In the meantime, men have had to defend the issues, as in a
valuable article on female student’s views and positions,
published in the February issue of Le Monde diplomatique.4
What has lacked most is a collective project, such as the one
organized by Diaspora Muslim Canadian female academics, assisted
by the Canadian Council of Muslim Women (CCWM). In 2003, they
published The Muslim Veil in North America-itself long in
the making.5
The
demonstration in Paris of the “hors intégrismes”
Muslims (“outside of fundamentalism”) on Saturday February
14 successfully gathered thousands of opponents to the law.

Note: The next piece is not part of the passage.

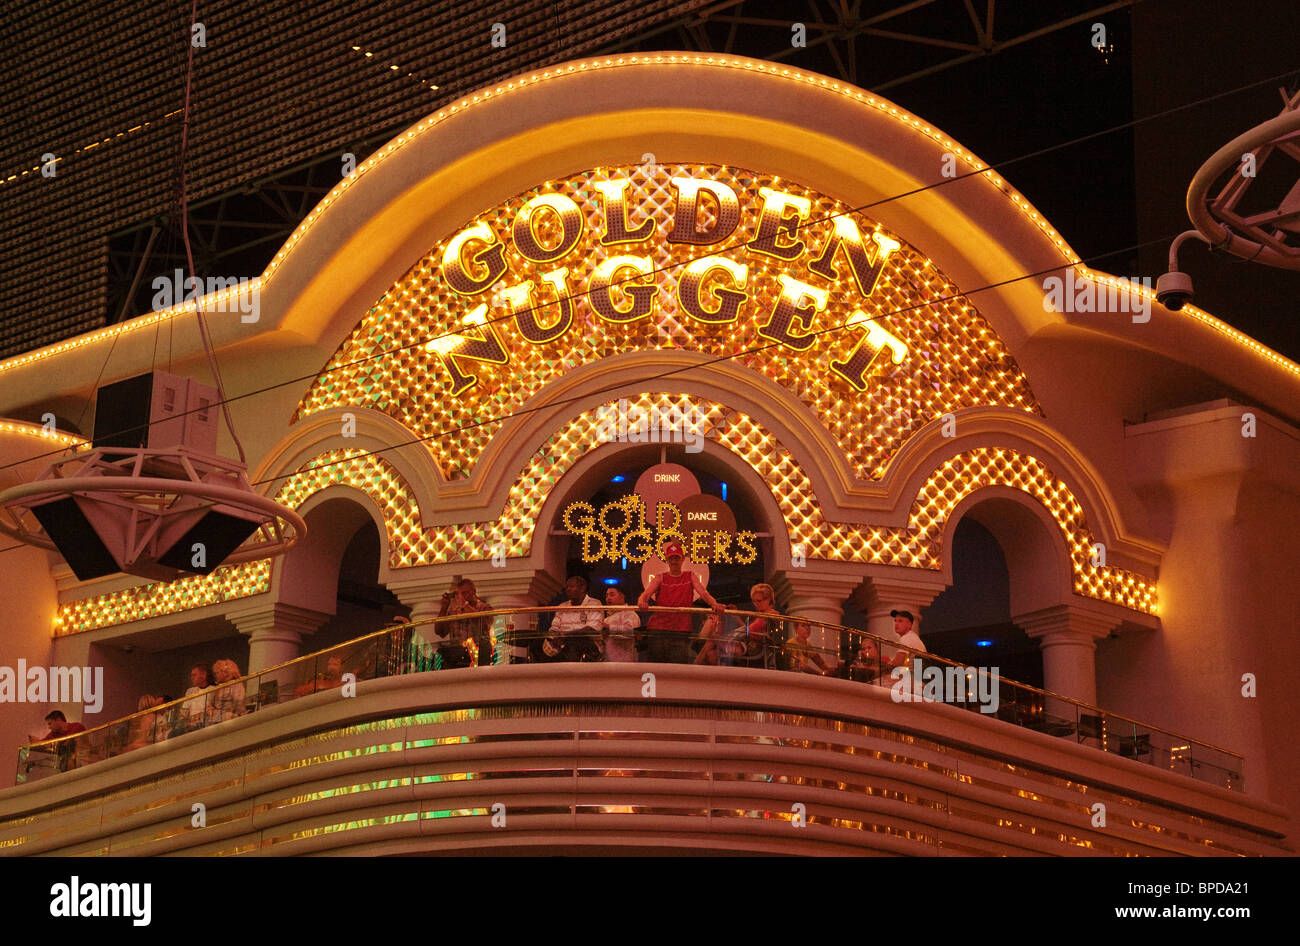 Le Golden Nugget Hotel and Casino, Fremont St, Las Vegas NEVADA USA Banque D'Images

Consensus among NGOs was still difficult to achieve. In that
regard, the history of France’s colonial incursions into
Muslim territories works as a trigger from which the
“secular” citizen views Muslims with suspicion. Accompanying
the march, the demonstrators published a text of refusal for
“women [to] be forced to wear hijab, and that other women be
forced to remove hijab… We do not liberate through repression,
but by the conquering rights.”6
It
was still Christine Delphy from Féministes pour l’égalité,
and editor of Questions féministes, who has most
unequivocally opposed any exclusion of veiled female students
from schools. As for the “historical” figures of French
feminism, opposing the law in their view amounts to supporting
hijab. From the looks of things such support is something that
lies against their religion, as it were.
As
for younger feminists, according to Le Monde, “they see
no obvious contradiction between veiled students and
equality.” The association Les Sciences potiches se
rebellent, a group from the Institut d’études politiques
de Paris, has gone as far as to reject the use of feminist
rhetoric to exclude young Muslim girls from the public school
system.
Norman
Madarasz is a Canadian philosopher residing in Rio de
Janeiro, Brazil . With a Ph.D. from the University of Paris , he
teaches and writes on international relations, political economy
and philosophy. He is also a regular contributor to Counterpunch
and has published think pieces and philosophical research
extensively. You can reach him at nmphdiol2@yahoo.ca.
1-
“Veil of Discord”, CBC, The National, television
broadcast, February 9, 2004.
2-
Karen Armstrong, Islam: A Short History, New York, The
Modern Library, 2002.
3-
“El Magistrado Pronuncia una Conferencia en Derecho: ‘Nao
todo lo que suced en Irak es terrorismo’ (Garzón)”,
in Granada Digital (Tribunales), January 23, 2004.
4-
Pierre Tevanian, “Une Loi antilaïque, antifeminists et
antisociale,” Le Monde diplomatique, February 2004, p.
8.
5-
The Muslim Veil in North America: Issues and Debates,
edited by Sajida Sultana Alvi, Homa Hoodfar, and Sheila
McDonough, Toronto, The Woman’s Press, 2003.
6-
“Une trentaine d'associations, rassemblées non sans difficultés
dans le collectif ‘Une école pour tous-tes’, appellent à défiler
samedi 14 février pour la tolérance sur le port de signes
religieux.” in Le Monde, February 14, 2004.